INTERVIEW: SVEN STROHSCHEIN

Erfahrungsbericht vom Amazonas LPT: Herr Strohschein, wie viele Expeditionen haben Sie schon gemacht? Ich war mit „Biosphere Expeditions“ auf den Azoren, im Oman, in Namibia und zuletzt zwei Wochen am Amazonas in Peru. Was haben Sie dort gemacht? Wir haben z. B. protokolliert, wie viele Jaguare und Primaten im Reservat leben. Das ist nicht so einfach, wie man denkt! Die Tiere im dichten Wald zu finden erfordert ein bisschen Übung. Wie läuft ein Tag im Camp ab? Um sechs Uhr gibt es Frühstück, dann bricht man in kleinen Gruppen zur ersten Tour auf. Mittags stärkt man sich im Camp. Nach einem zweiten Trip ist dann um fünf Uhr „Feierabend“. Wen trifft man da im Team? Leute aus der ganzen Welt. In Peru habe ich mit einer Verkäuferin aus Manchester, Medizinstudenten aus Antwerpen und einem Paar aus Australien zusammengearbeitet. Eine bunte Truppe!
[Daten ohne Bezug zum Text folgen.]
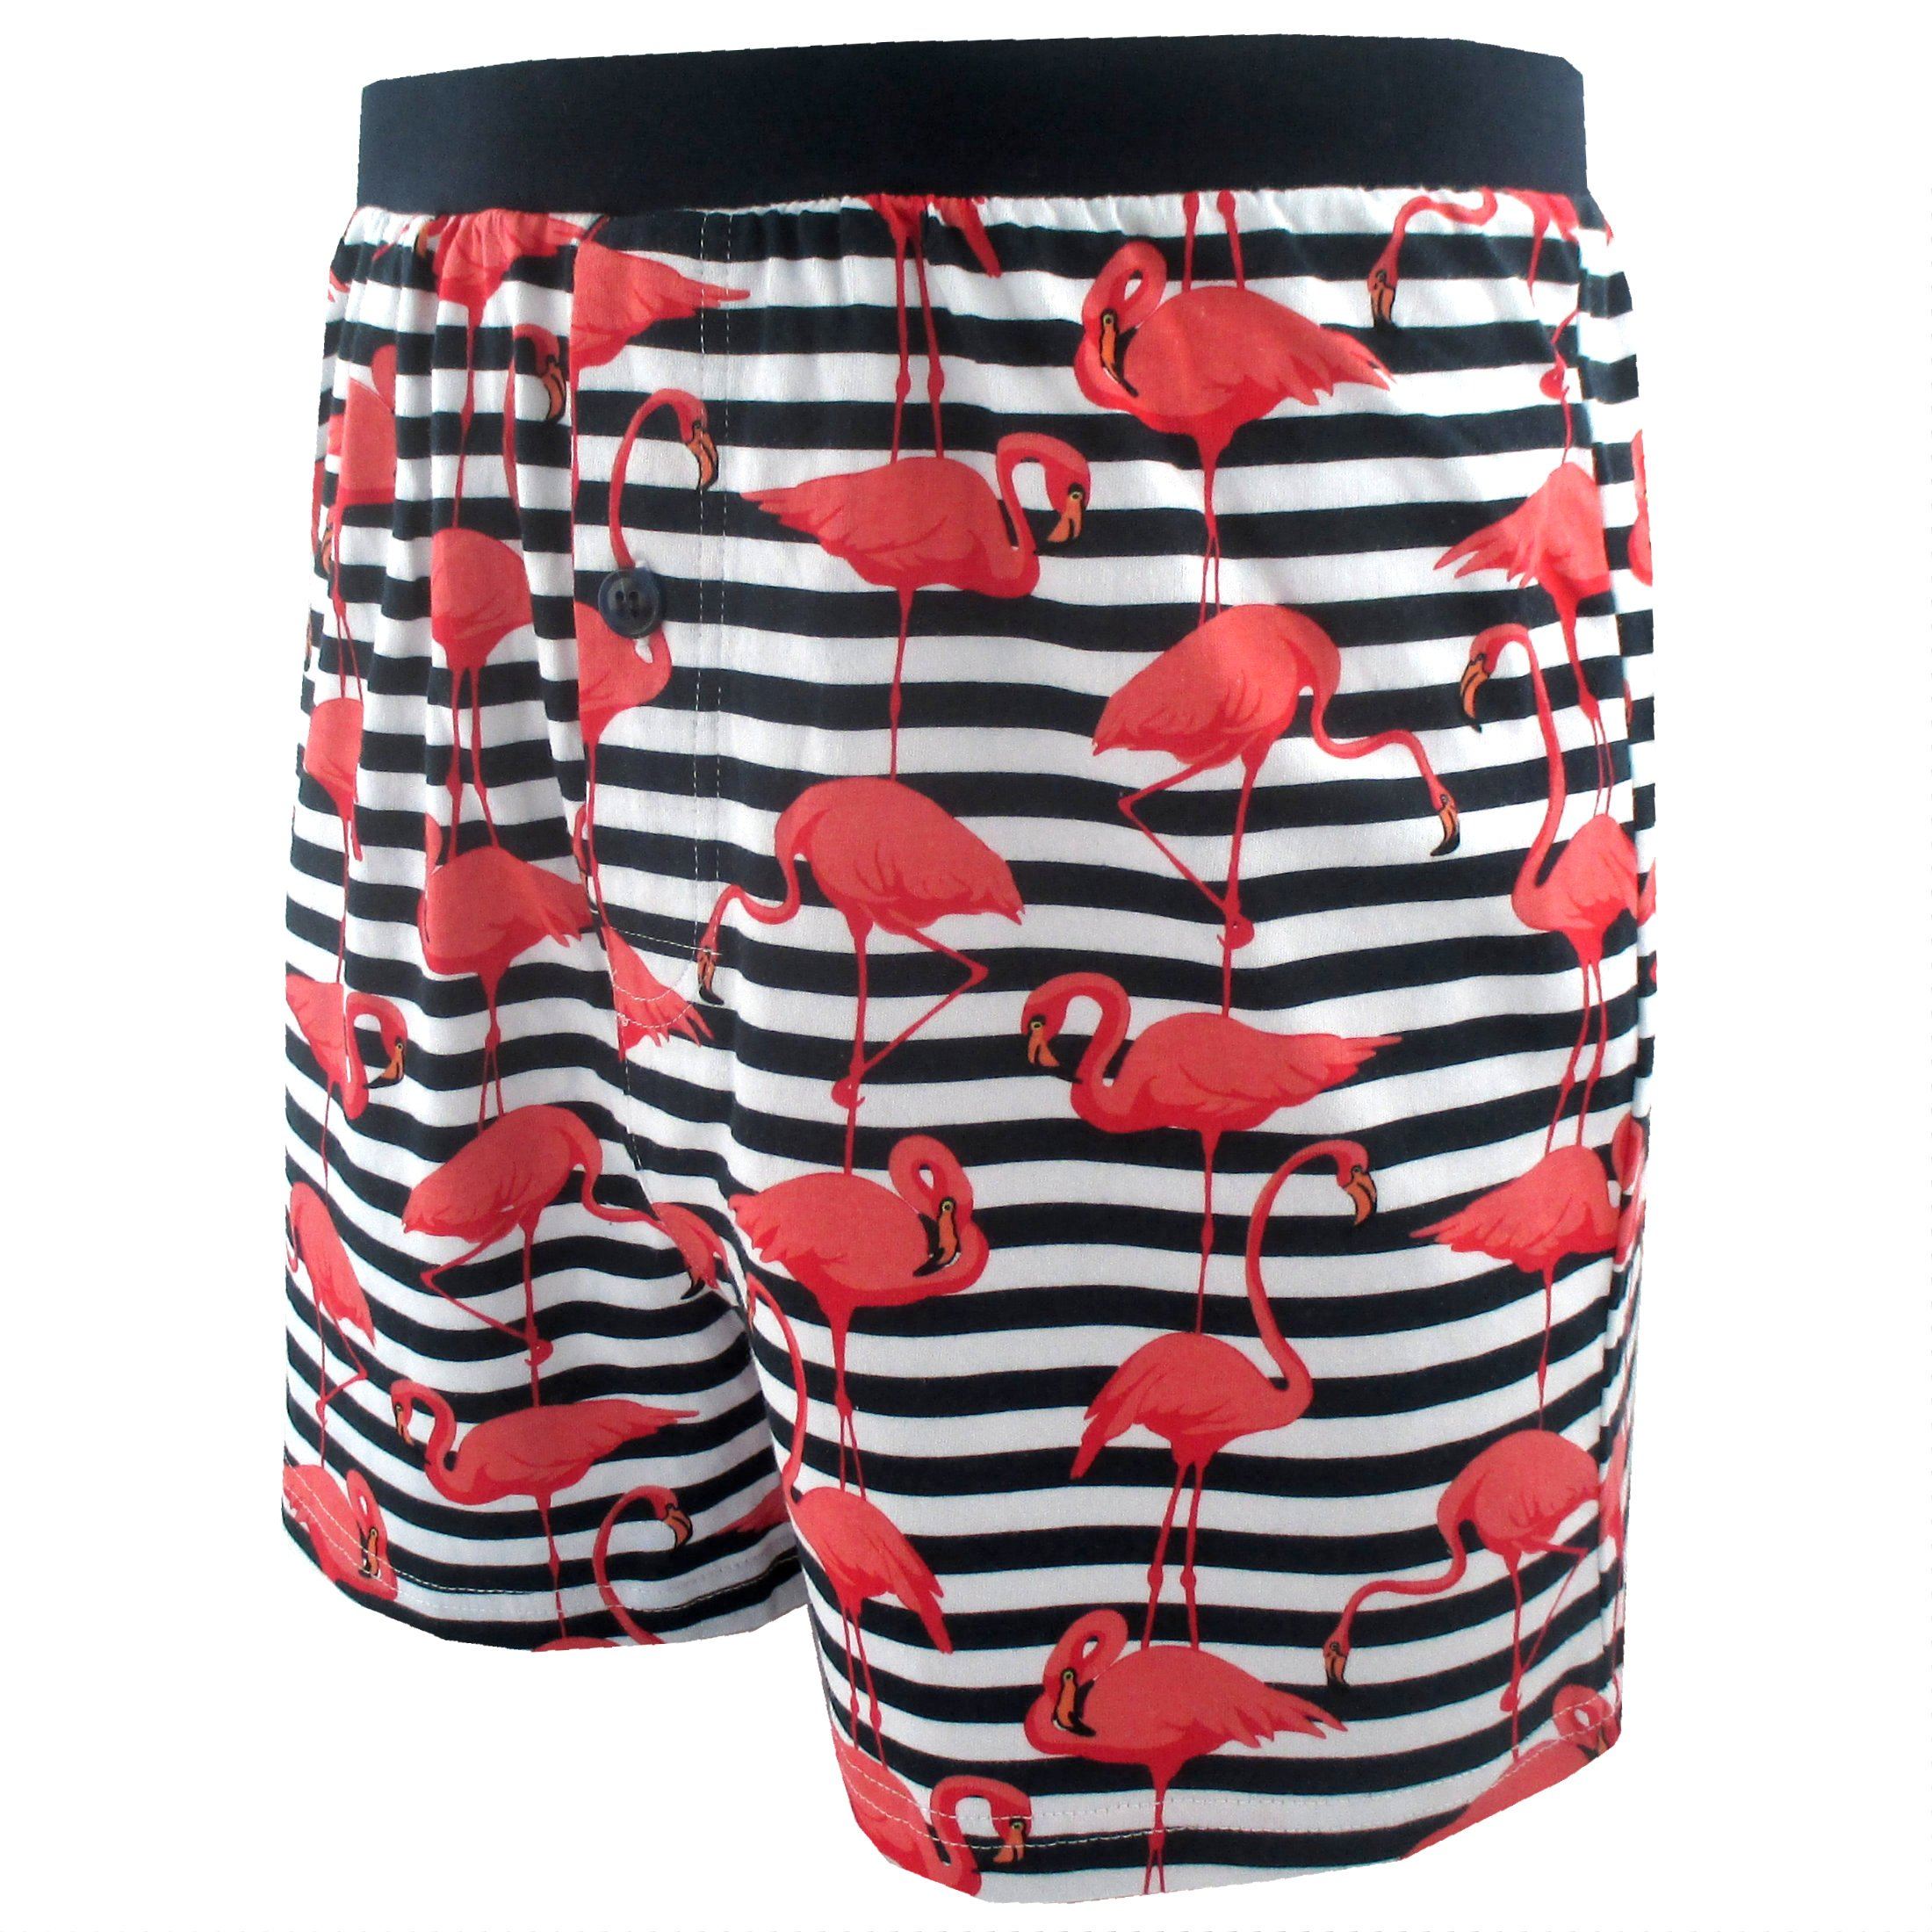 Men's Pink Flamingo All Over Print Striped Cotton Knit Boxer Shorts

Warum Expedition statt Urlaub? Man bekommt einen spannenden Einblick in Tierwelt und Forschung. Und die Wissenschaftler profitieren, weil plötzlich 40 statt zwei Augen neugierig den Dschungel absuchen. Was war Ihr Highlight? Eine Python kreuzte einen halben Meter vor meinen Füßen den Weg. Ein komisches Gefühl. Wenn Sven Strohschein nicht auf Expedition ist, arbeitet er als Schiffsmakler in Hamburg.